[SOURCE DATA Boundary: Start]
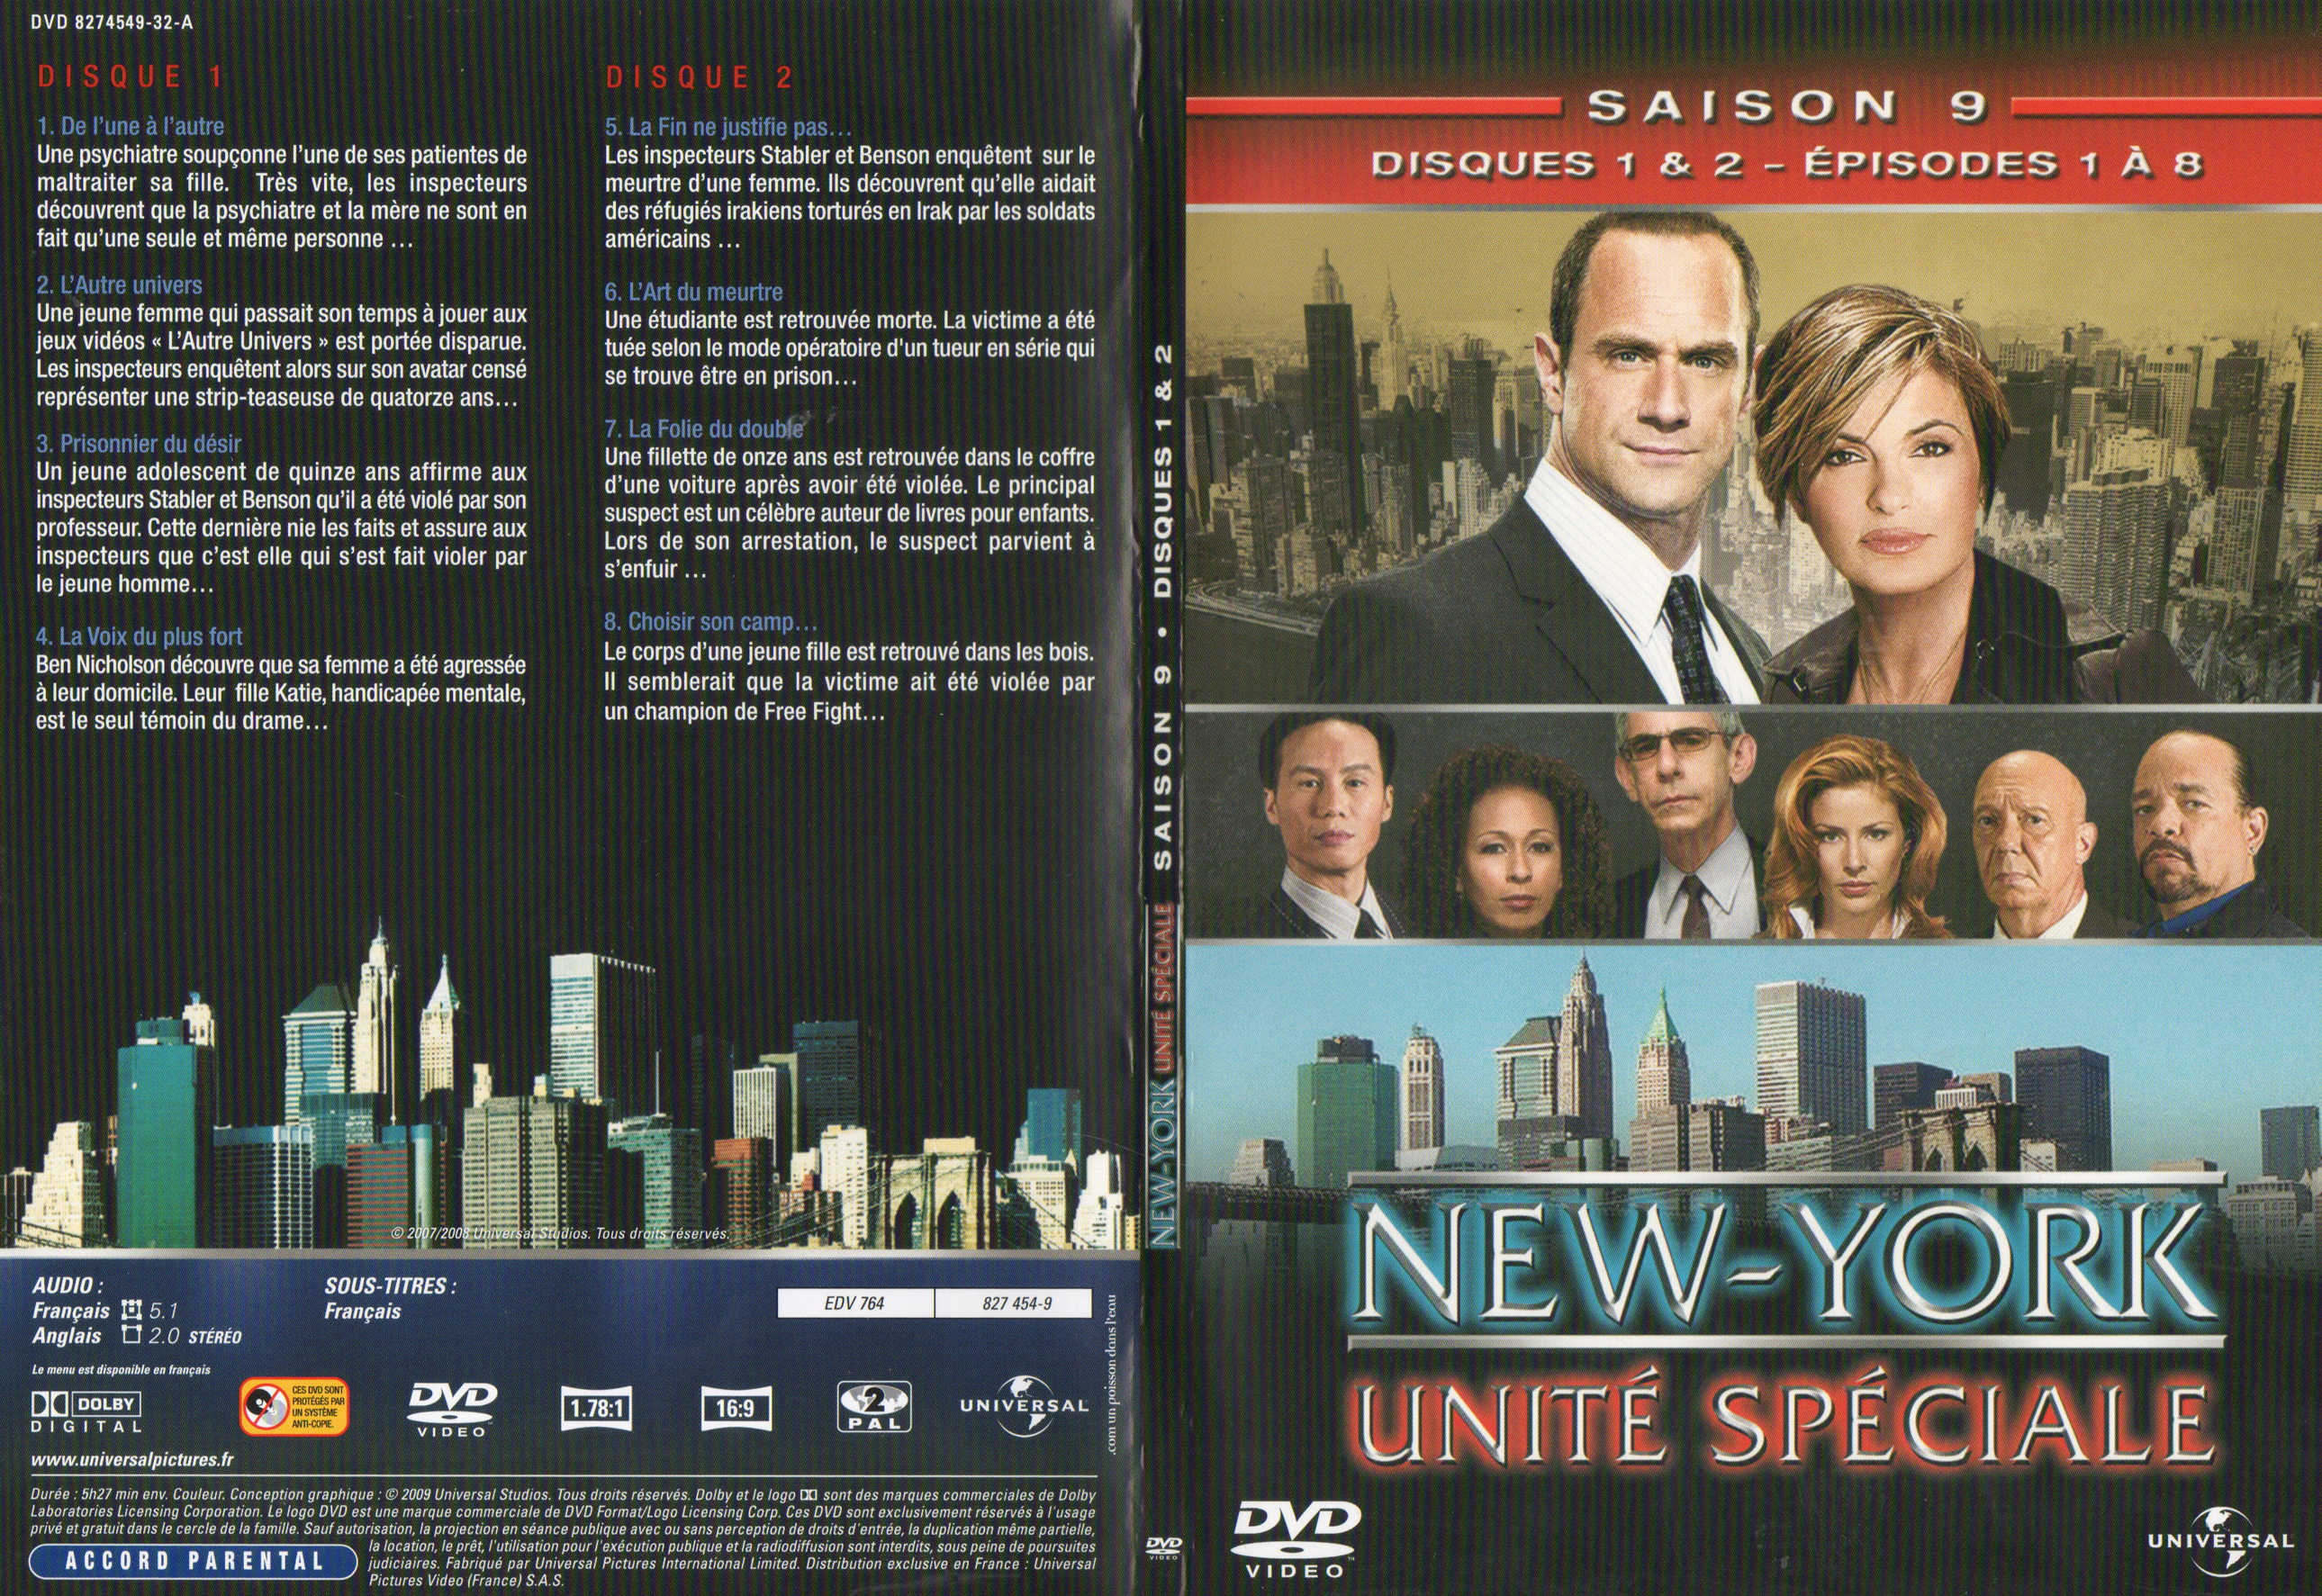 Jaquette DVD New York unit spciale saison 9 DVD 1
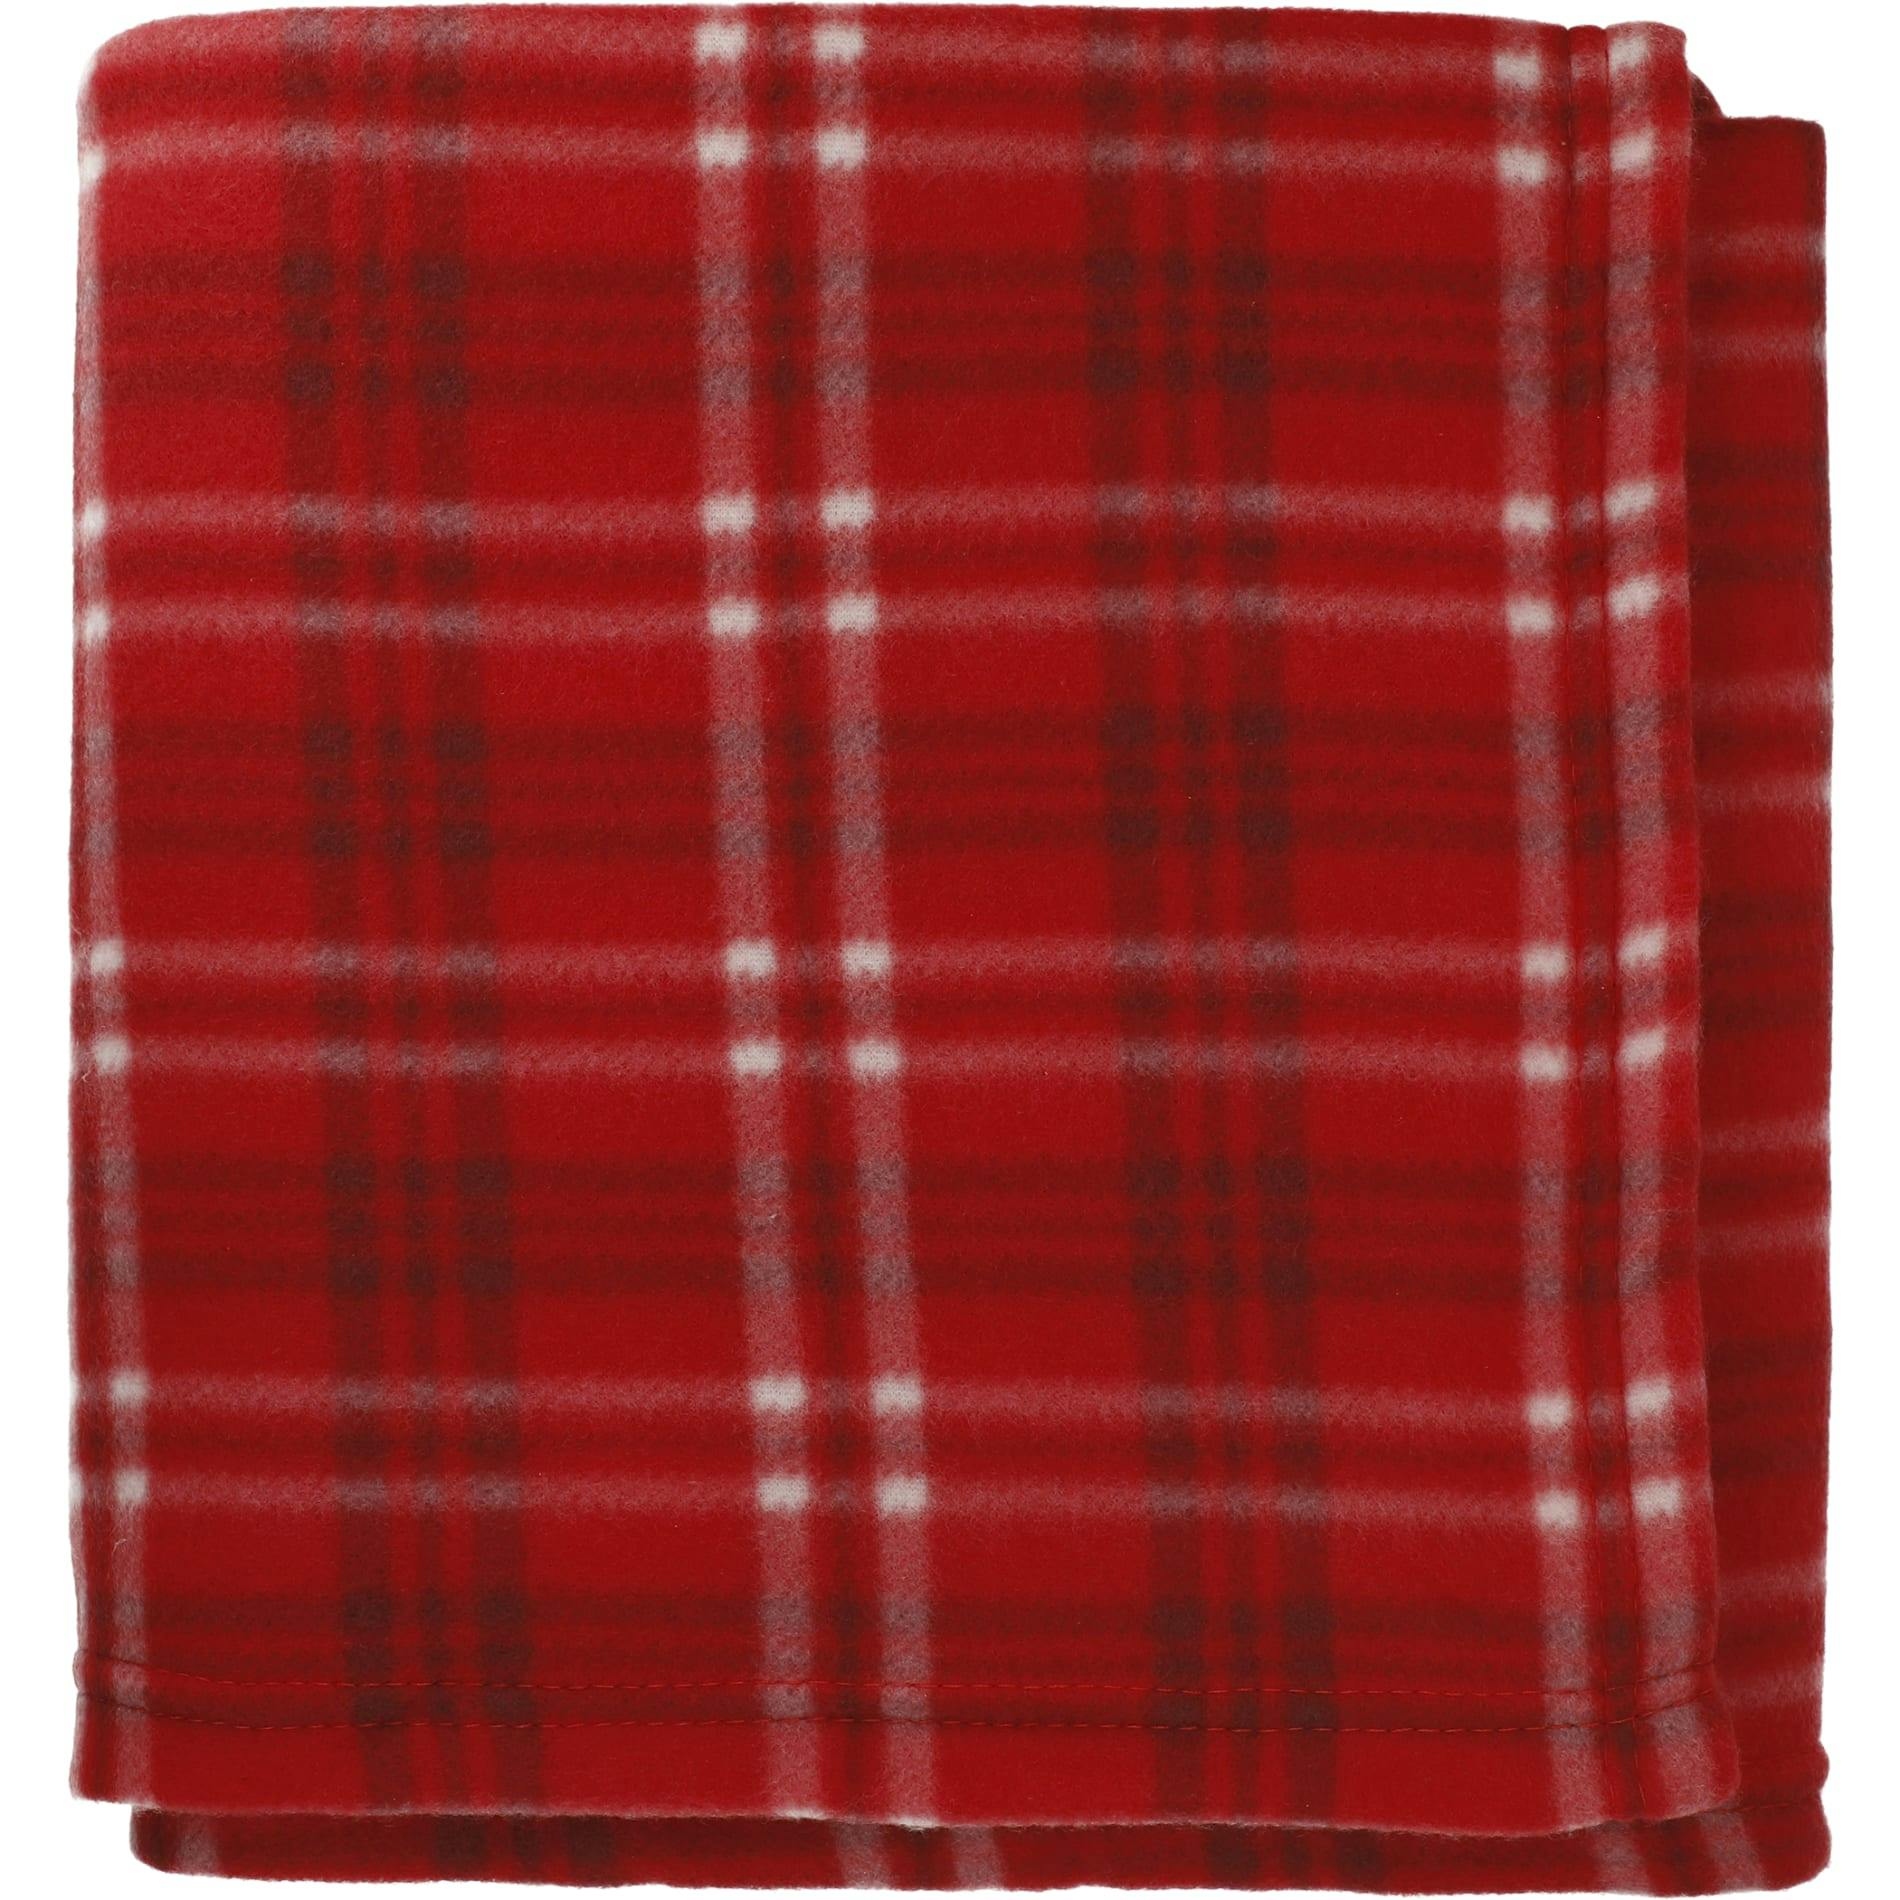 Plaid Fleece Blanket - additional Image 4
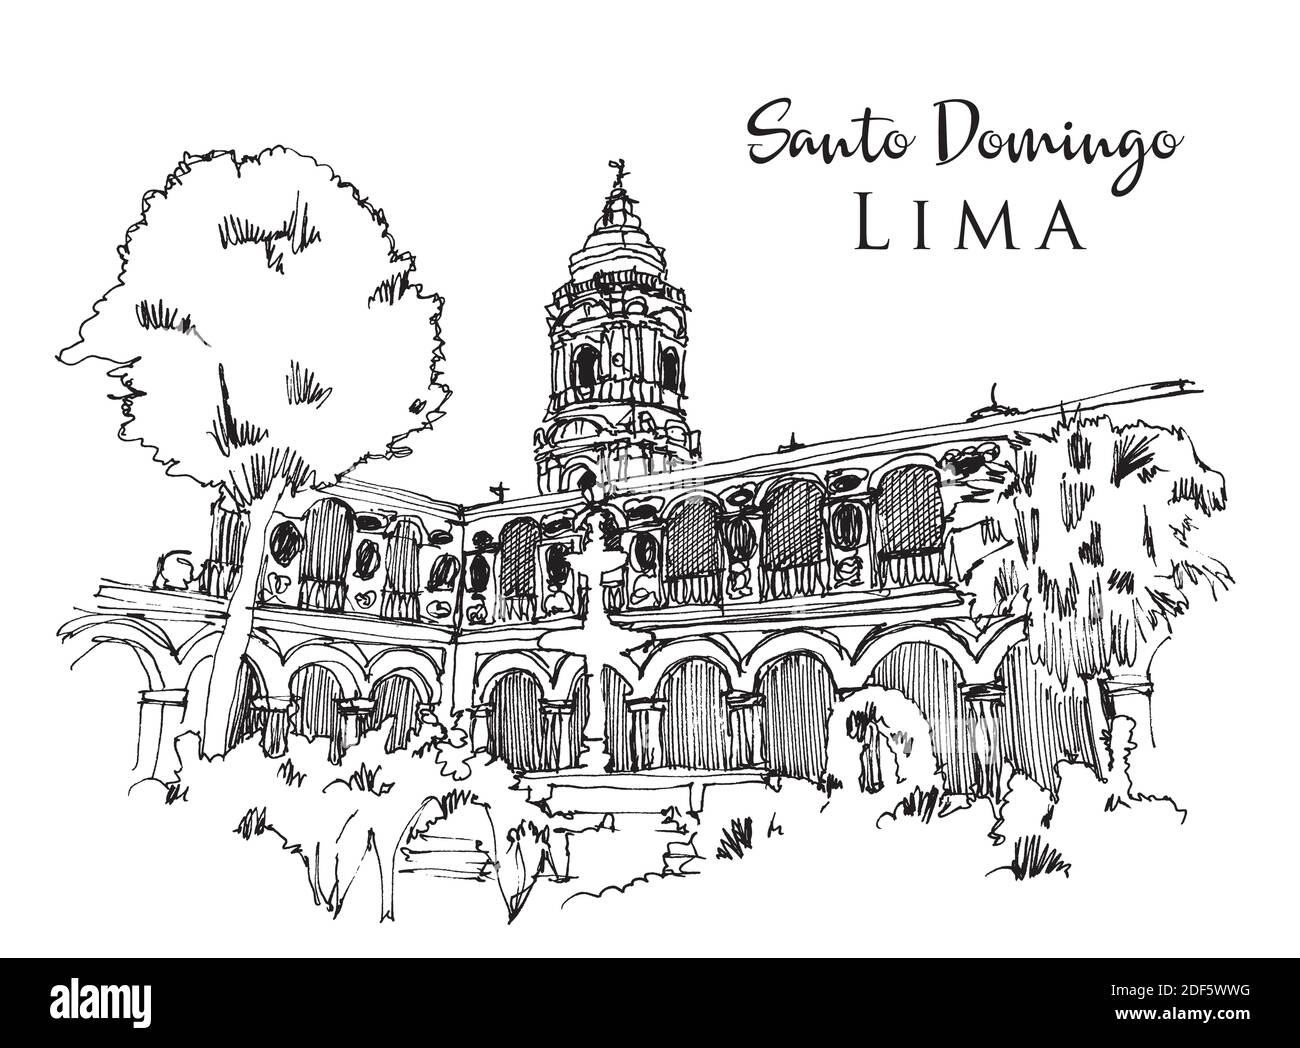 Illustration vectorielle dessinée à la main de la basilique et du couvent de Saint-Domingue à Lima, Pérou Illustration de Vecteur
[SOURCE DATA Boundary: End]
> _BRIEF_
Except for the pictures, print the data above exactly.

> _TASK SOLUTION_
 Jaquette DVD New York unit spciale saison 9 DVD 1
 Plaid Fleece Blanket - additional Image 4
 Illustration vectorielle dessinée à la main de la basilique et du couvent de Saint-Domingue à Lima, Pérou Illustration de Vecteur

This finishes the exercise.